One of the rules mistakes we made early on was allowing CT to carry over from quest to quest. By the time the heroes got to the third quest I could no longer award them CT for things because they had them all. I was doing everything in my power to reduce their CT count, and they would just get it back from activating a glyph in the next area. Your dividing CT idea might slow this process down a bit by causing the odd CTs to get dropped (in the example you give you've almost halved their total CT, which is good) but I suspect it will still build up over time to the point where the heroes have no practical chance of failure since you can't kill them enough to fail a quest.

Dave99 said:

OVERLORD: Setup Step 7B (final step): Draw overlord cards.

a. The overlord draws 3 cards from his deck after shuffling it.
b. The overlord draws X additional cards. Where X = (total hero levels)/ 2 (rounded down)
{Example: during setup of JitD quest 5, the OL counts the total number of levels of the heroes. There are 2 level 4 heroes, a level 3 hero and a new hero level 0. The overlord receives 11/2 (rounded down) = 5 additional cards during setup.}
c. The overlord player must discard cards until he has no more than eight cards in his hand.
d. The overlord player immediately collects threat tokens from all discarded cards in this step.

It's good that you thought of the Overlord and gave him a boost, too. Whether or not it will make a difference I can't say. I do know from my experience above that I couldn't earn Threat fast enough to kill the heroes in that mistaken CT game we played. Maybe an initial boost would've helped, it's hard to say.

FWIW, here's my variant for a continuing campaign experience aside from RtL/SoB:

Play D&D. Use these bits and maps, fiddle with monsters to make balanced encounter groups.

I can't say it'll be perfect, but it's looking good so far.

Thank you for the thoughtful response Steve-O.

Ive been meaning to edit some of the rules I posted, but the forum here doesnt allow it :(

Training Tokens:
I do agree with most of what you have posted. My intention has been to edit this with an update.
I dont think heroes will max out their traits so quickly. Knowing the bonus traits will carry over would be a bigger incentive to purchase them, but i dont forsee anyone being able to spend any more than 500g per game on traits. However, even if they only bought 1 trait per session that would still leave them maxed out in a single trait by the 3rd or 4th session which is probably a bad thing.

Not having to spend fatigue on combat rolls is an intended result of buying bonus traits, however this does not make them any harder to kill. I realize having less monsters to work with after the heroes turn does make it harder for the OL to do damage, this means the OL would rely more on spawn cards. As per the OL setup changes I believe the extra spawning cards and threat tokens at his disposal would balance the need for such cards.

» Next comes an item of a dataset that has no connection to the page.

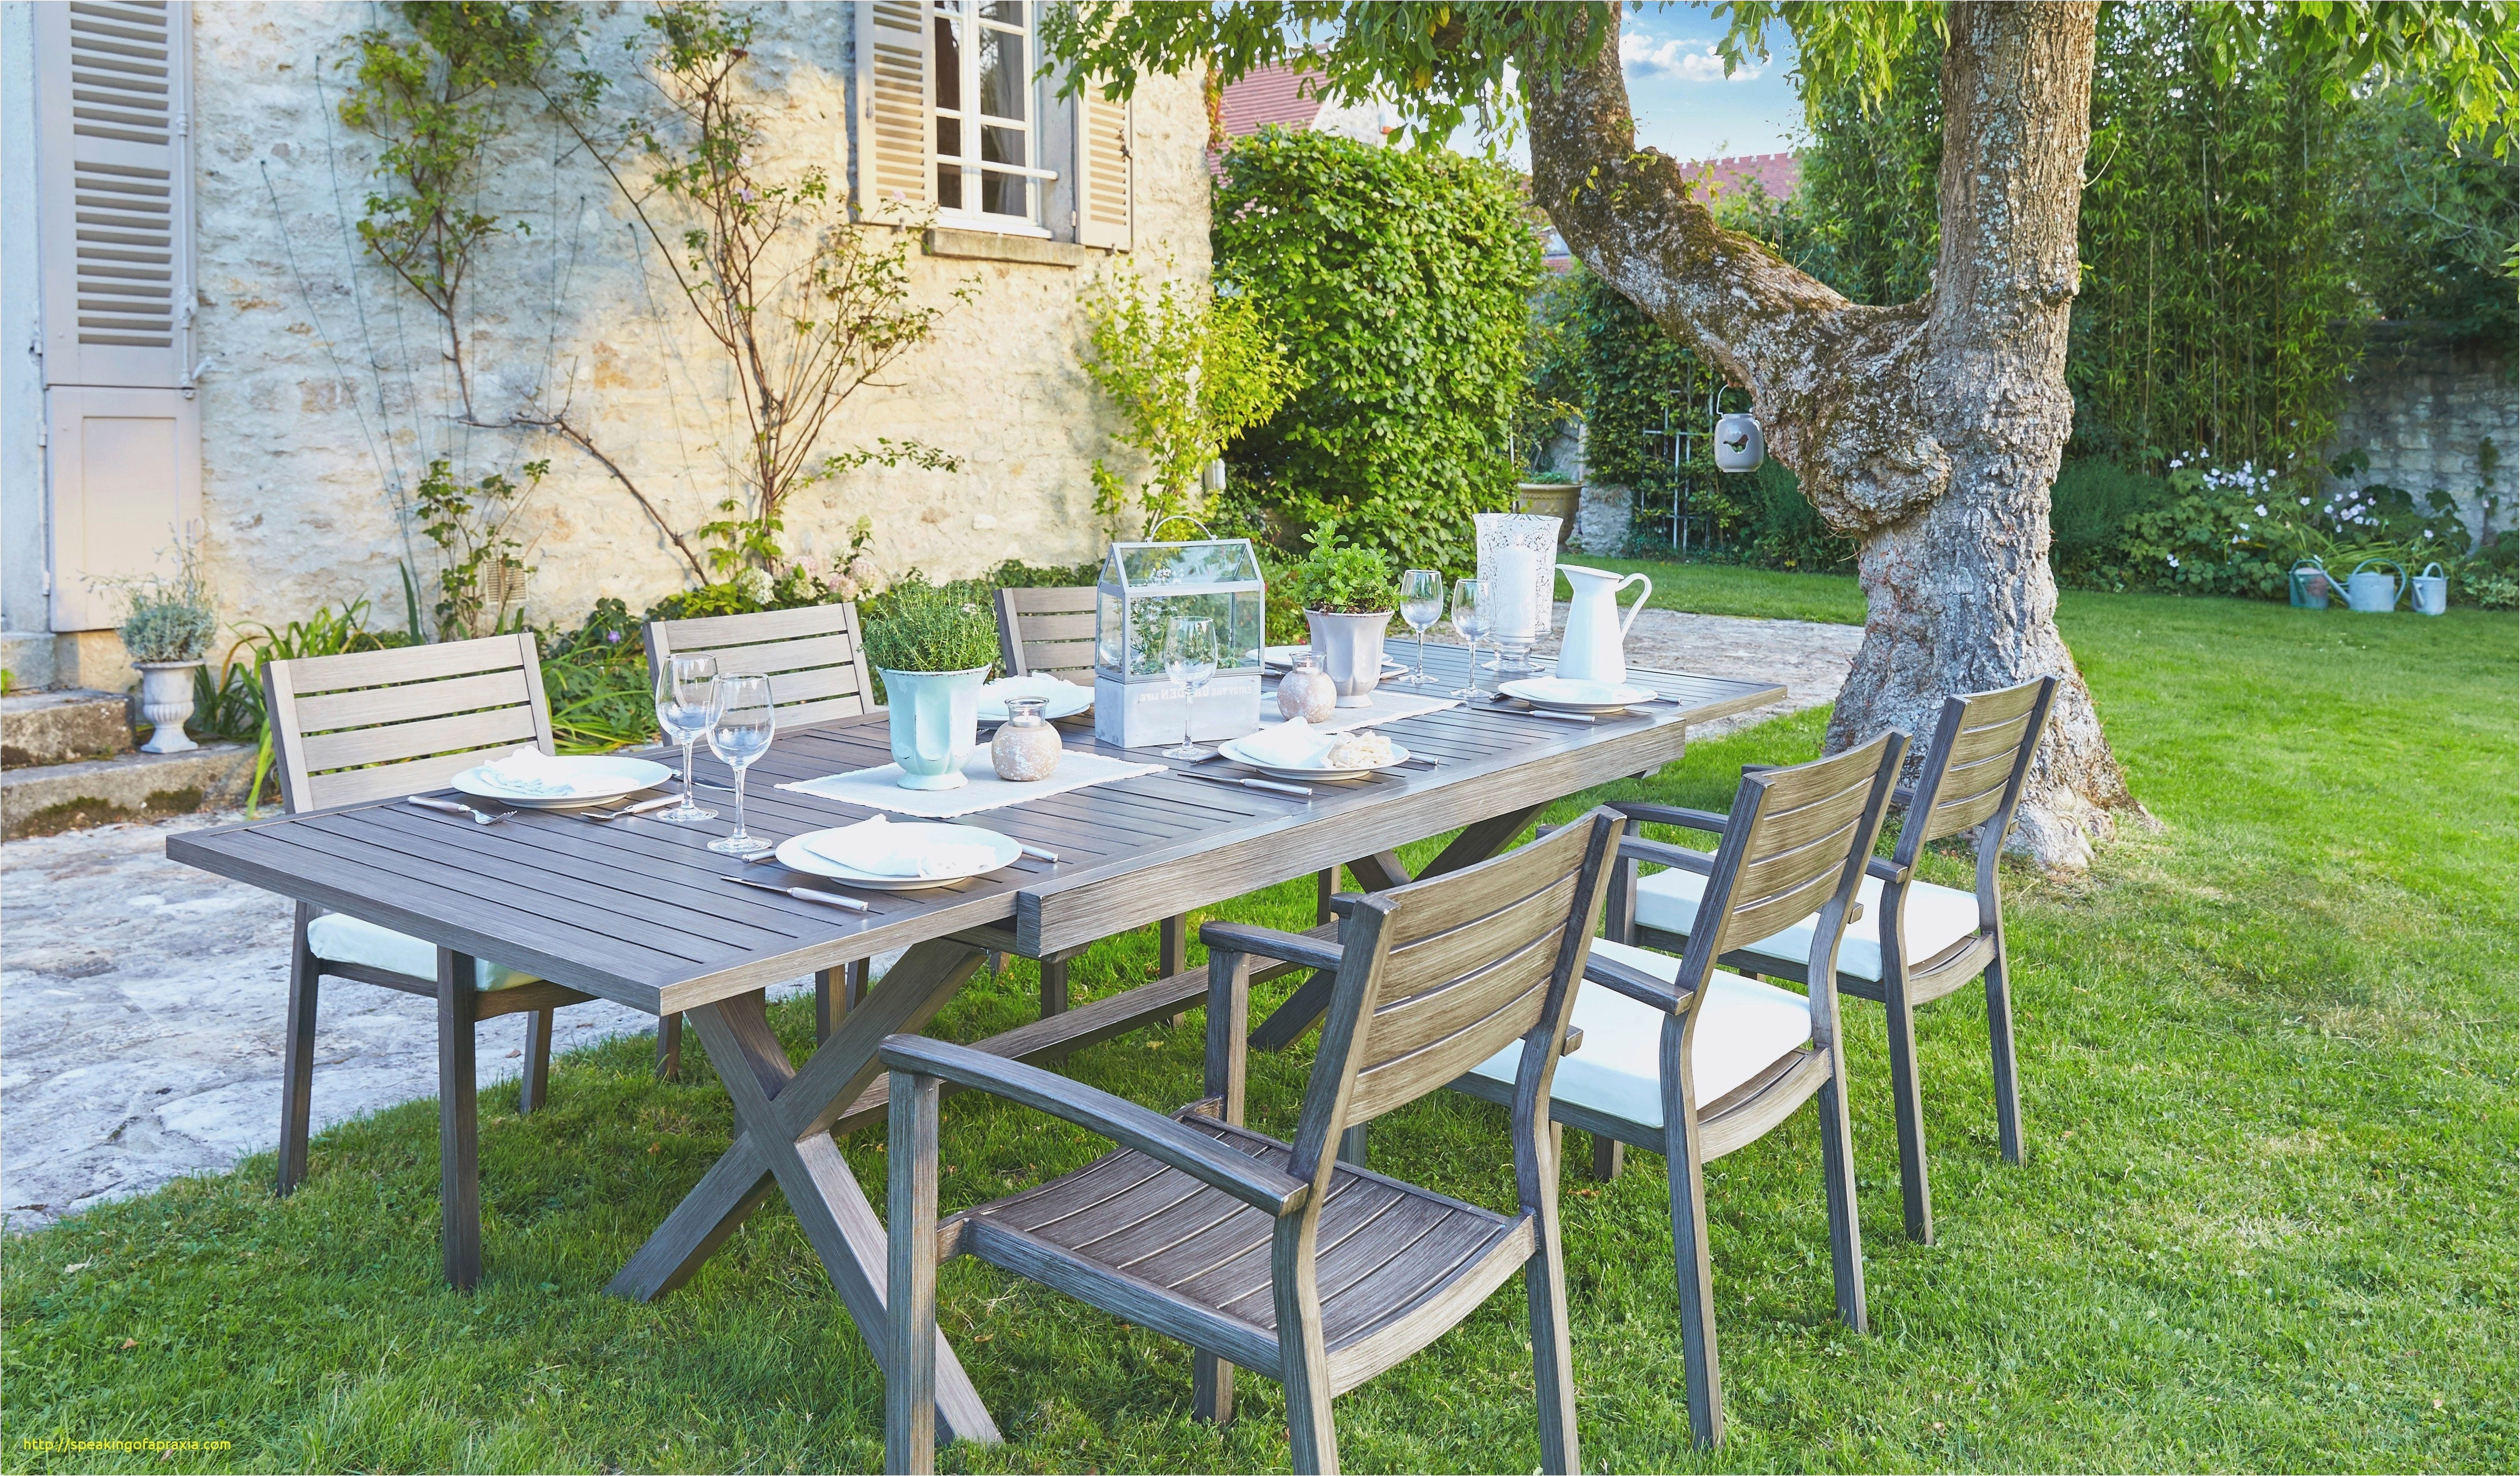 52 Luxe Abris Jardin Carrefour | Matériel Cuisine Paris pour Abri De Jardin En Bois Carrefour

Ive been thinking about a few possible fixes for Training Tokens and Skill cards:
1. Only allow the purchase of Training Tokens and Skill Cards at the end of a play session.
2. Change the cost of Training Tokens and Skill Cards:
Traits 1-3 = 500 coins
Trait / Skill Card 4 = 1000 coins
Trait / Skill Card 5 = 1500 coins
Replacement Skills (4d.) = 1500 coins

Skill Cards:
One of the things I wanted to change was removing 3c. entirely. I totally agree with you on this point. There is no need to allow heroes to replace a skill card every session for free. It also undermines 3d. in the process. Also, regarding 3d. I think it would be better served as per the original setup phase, basically discarding first then redraw, instead the other way around that lets a hero pick first then discard the same card he just drew. Also, I think adding the rule from above, only allow the purchase of skill cards at the end of a play session, would slow down the heroes ability to refine their skill combination.

Gold Coins:
I realize the heroes could just dump all of their items to one player before they kill the last boss. I just didn't want to make it easy for them. This will take time and a several trips to town (without bag of holding). Time as u know is the OL's strongest ally. I would assume the OL would take advantage of the time during those turns while they wait without their copper, silver and gold items. There is also the possibility that without the chest items they have found or purchased during the session that they may not be able to kill the last boss at all. I know there are ways which the players could effectively stack one hero with gold, but none of them are easy and will likely result in a couple of deaths.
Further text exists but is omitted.